Human amniotic membrane extracellular matrix scaffold for dental pulp regeneration in vitro and in vivo

Aim In order to obtain a 3-dimentional scaffold with predictable clinical results for pulp regeneration, this study aims to fabricate and characterize a porous decellularized human amniotic membrane (HAM) extracellular matrix (ECM) scaffold, and evaluate its potential to promote pulp regeneration in vitro and in vivo. Methodology The HAM was decellularized, and its histology and DNA content were analysed to confirm decellularization. The scaffolds were synthesized with 15, 22.5 and 30 mg/ml concentrations. The porosity, pore size, phosphate-buffered saline (PBS) absorption and degradation rate of the scaffolds were assessed. In vitro experiments were performed on human dental pulp stem cells (hDPSCs) to assess their viability, proliferation, adhesion and migration on the scaffolds. The optimal group was selected for in vivo immunogenicity assessment and was also used as the cell-free or cell-loaded scaffold in root segment models to evaluate pulp regeneration. All nonparametric data were analysed with the Kruskal-Wallis test followed by Dunn's post hoc test, whilst quantitative data were analysed with one-way anova. Results Decellularization of HAM was confirmed (p < .05). The porosity of all scaffolds was more than 95%, and the pore size decreased with an increase in ECM concentration (p < .01). PBS absorption was not significantly different amongst the groups, whilst 30 mg/ml ECM scaffold had the highest degradation rate (p < .01). The hDPSCs adhered to the scaffold, whilst their proliferation rate increased over time in all groups (p < .001). Cell migration was higher in 30 mg/ml ECM scaffold (p < .05). In vivo investigation with 30 mg/ml ECM scaffold revealed mild to moderate inflammatory response. In root segments, both cell-free and cell-loaded 30 mg/ml scaffolds were replaced with newly formed, pulp-like tissue with no significant difference between groups. Immunohistochemical assessments revealed high revascularization and collagen content with no significant difference amongst the groups. Conclusion The 30 mg/ml HAM ECM scaffold had optimal physical properties and better supported hDPSC migration.

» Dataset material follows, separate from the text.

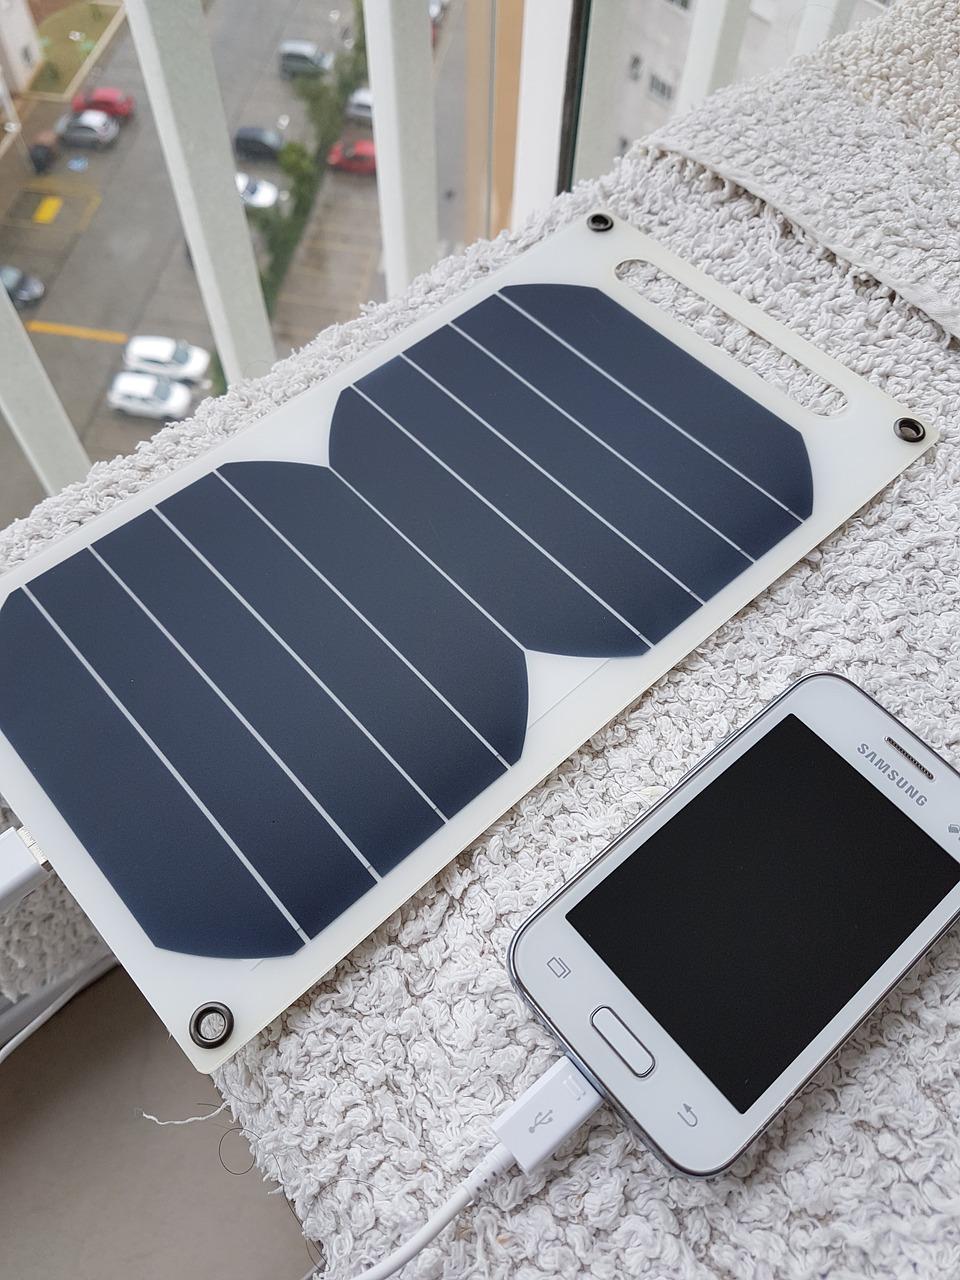 Screen Printing Ultrathin Batteries On Solar Panels

The HAM ECM scaffold did not interfere with formation of pulp-like tissue and revascularization within the root canal when employed as both cell-free and cell-loaded scaffold. These results highlight the potential of HAM ECM membrane for further investigations in regenerative endodontics.

Automated summary

The 30 mg/ml HAM ECM scaffold exhibited optimal physical properties and enhanced hDPSC migration. The HAM ECM scaffold did not hinder the formation of pulp-like tissue and revascularization within the root canal when used as both cell-free and cell-loaded scaffold. These findings underscore the potential of HAM ECM membrane for further exploration in regenerative endodontics.